BishopAccountability.org

A Top Pope Aide Calls Church Conduct in Australia Sex Abuse a ‘Catastrophe’

By Rob Taylor And Francis X. Rocca
Wall Street Journal
February 29, 2016

http://tinyurl.com/hhyywqn

Cardinal George Pell was shown on a screen Monday in Canberra, Australia, as he testified to a royal commission.
Photo by LUKAS COCH

A top adviser to Pope Francis on Monday told an Australian inquiry that the failure to halt child abuse by clergy decades ago in the country was “a catastrophe” for both victims and the church. But he denied knowledge of any crimes while he was a priest there at that time.

Cardinal George Pell, who is the Vatican’s financial chief, made the church’s most conciliatory and detailed comments yet regarding accusations of sexual abuse of hundreds of Australian children in the 1970s and 1980s in testimony to a government-appointed Royal Commission.

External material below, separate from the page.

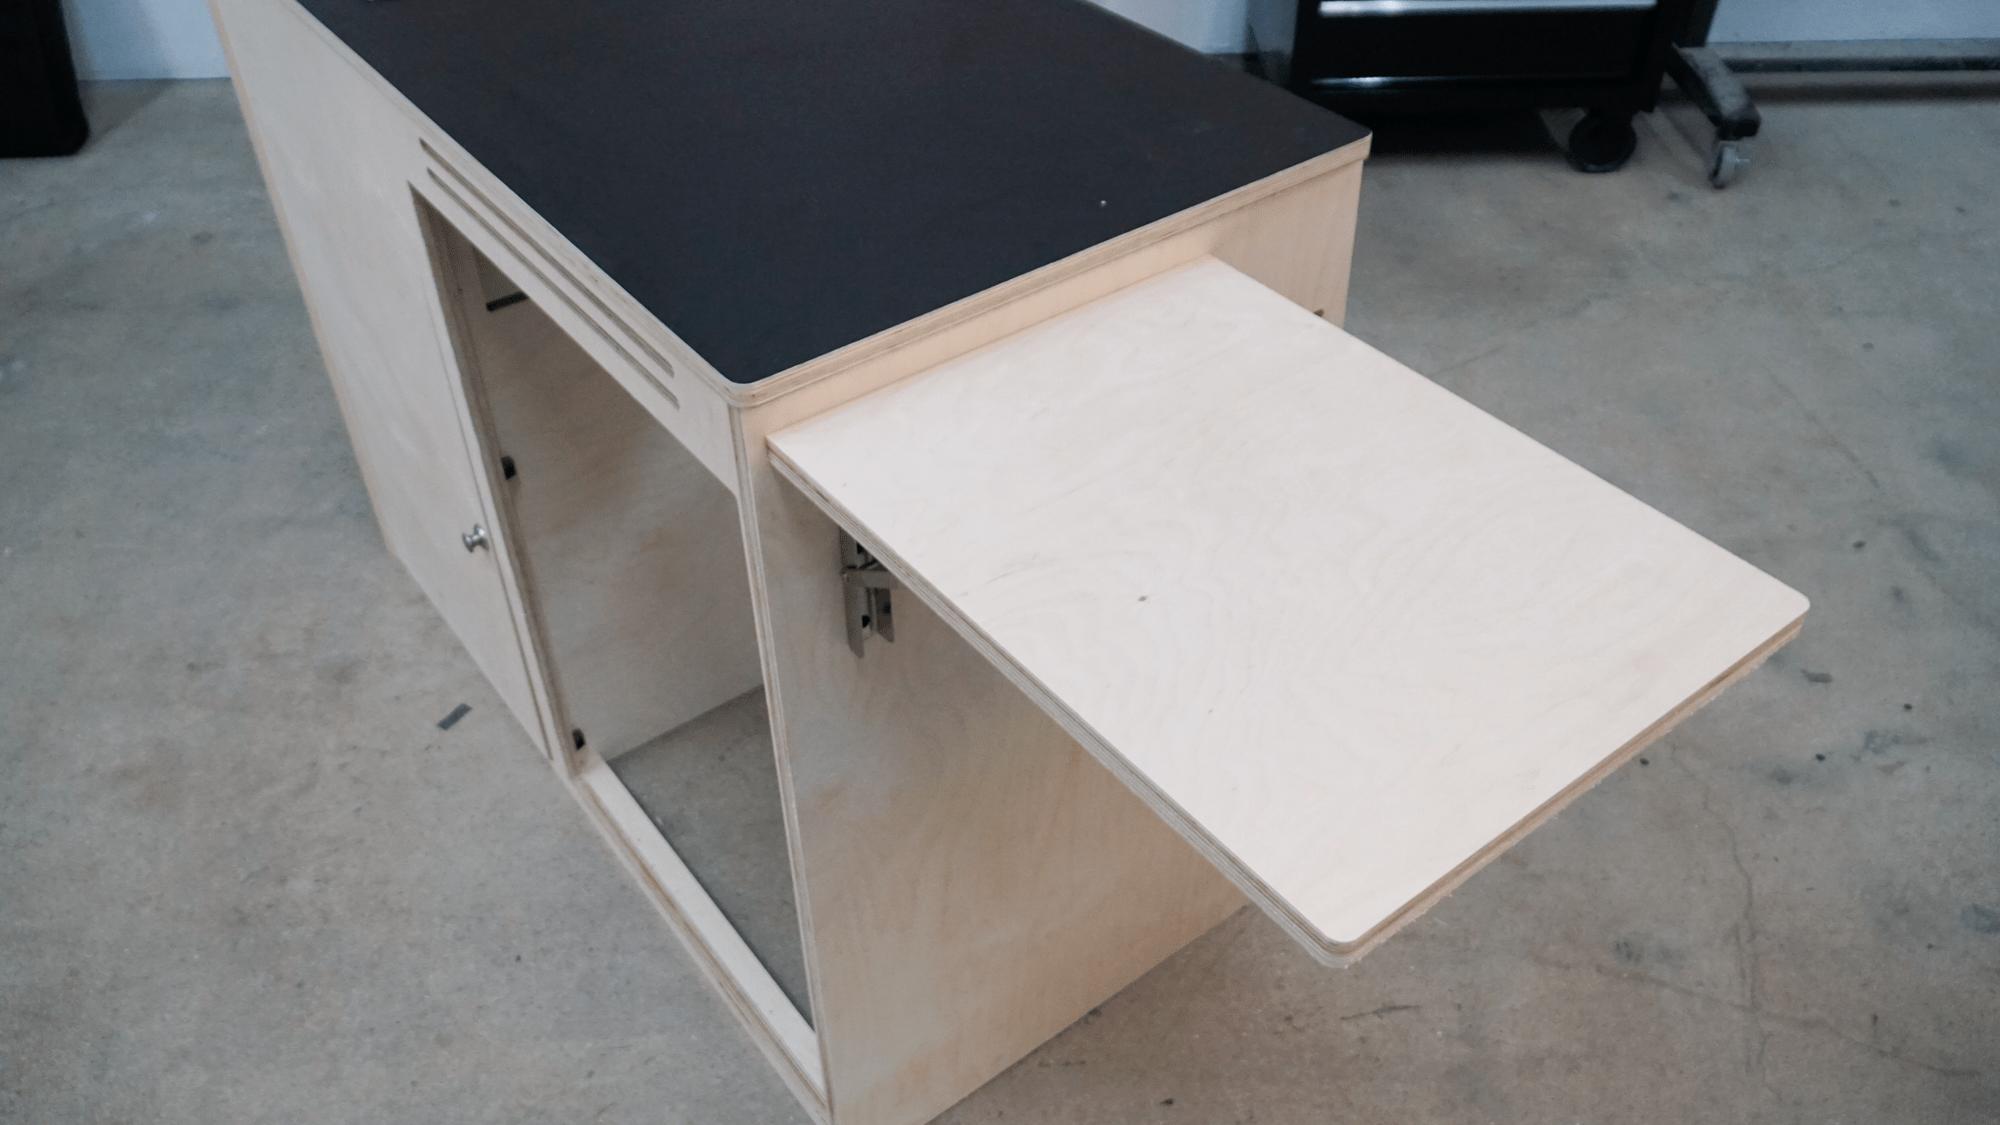 Flip up side table add on for van kitchen kit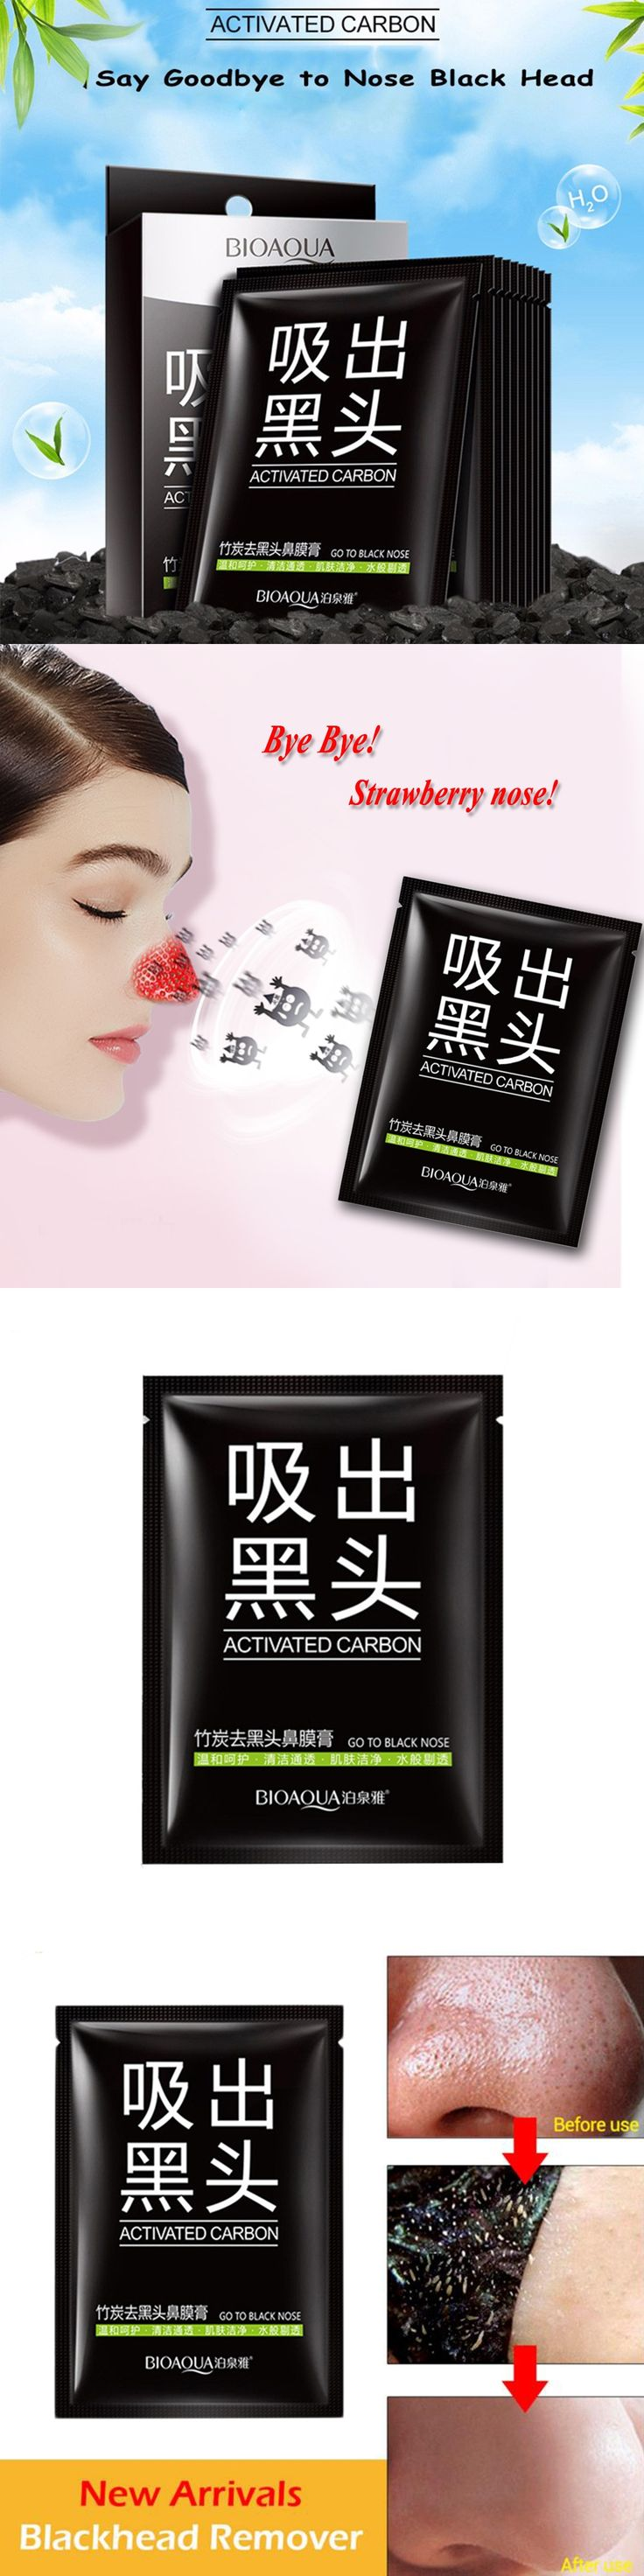 Face Minerals Conk Nose Blackhead Remover Mask Pore Cleanser , Black Head EX Pore Strip Black Mask Face Mask 8g

“It certainly was much, much more difficult for the child to be believed then. The predisposition was not to believe,” Cardinal Pell, 74 years old, told the Australia-based inquiry by video-link from Rome. “The instinct was more to protect the institution, the community of the church, from shame.”

The Australian panel was formed in 2012 to investigate accusations of serious child abuse over decades within institutions including churches, schools, orphanages and sporting clubs. It will eventually report back to government.

Cardinal Pell has testified to the long-running inquiry previously, and to a separate investigation by lawmakers in Victoria state, where he was Archbishop of Melbourne from 1996 to 2001 and devised a system to deal with abuse complaints.

Some of the offenses allegedly took place when Cardinal Pell was a junior priest in the Australian town of Ballarat decades ago. The panel isn’t investigating Cardinal Pell or any individual priest over alleged abuse. From priest, he rose to become the top church official in Australia and now one of the most influential officials at the Vatican.

Many of the priests at the center of the Australian abuse allegations have been convicted and sentenced to prison.

In the past, some of the most incendiary accusations have been against Catholic clergy, with victims accusing senior church leaders of attempting to paper over abuse claims, shifting priests between congregations rather than reporting their alleged behavior to police and even destroying records. Cardinal Pell on Monday called any such acts “unacceptable.”

At the opening of a scheduled multi-day appearance, Cardinal Pell said that after reviewing one of the worst cases of clerical abuse involving former Ballarat priest and convicted pedophile Gerald Ridsdale he had concluded that the handling of the case by a senior bishop was “a catastrophe for the victims and a catastrophe for the church. If effective action had been taken earlier, an enormous amount of suffering would have been avoided.”

Cardinal Pell said while he had heard rumors of sexual abuses during his time in Ballarat, and later in Melbourne, he couldn’t recall substantive accusations, though he told the inquiry “my memory is sometimes fallible.”

Rumors of a member of the Christian Brother religious order kissing students at a Ballarat school, or swimming nude with boys, were dismissed as “eccentricities” of an elderly cleric, Cardinal Pell said, adding that naked swimming was relatively common in Australia decades ago. “No improprieties were ever alleged to me,” Cardinal Pell said.

The predisposition of the church during the worst alleged abuses in the 1970s and 80s had been not to trust children or even adults making “very, very, very plausible” allegations of misbehavior by pedophile priests, he said.

Cardinal Pell said he had also made errors of judgment after hearing rumors of abuse, choosing to accept the denials of priests rather than investigate the allegations of children involved.

“In those days, if a priest denied such activity, I was very strongly inclined to accept the denial,” he said.

“I’m not here to defend the indefensible,” Cardinal Pell said. “The church has made enormous mistakes and is working to remedy those. But the church in many places, certainly in Australia, has mucked things up, has let people down.”

The prelate is the equivalent of the Vatican’s treasurer. He also sits on the 9-member Council of Cardinals, known as the G9, which Pope Francis established in 2013 to advise him on Vatican reform and church governance.

The Catholic Church is Australia’s largest, representing almost a quarter of the population with 5.4 million followers.

Cardinal Pell testified from Rome because he was too ill to travel to Australia. In attendance during his testimony were about 20 survivors of abuse or their family members who had traveled to Italy after raising more than $100,000 in a crowdfunding campaign.

Some of those people from Australia who watched Cardinal Pell give evidence in a Rome hotel wore red T-shirts that included the words: “Some don’t remember, some never forget.”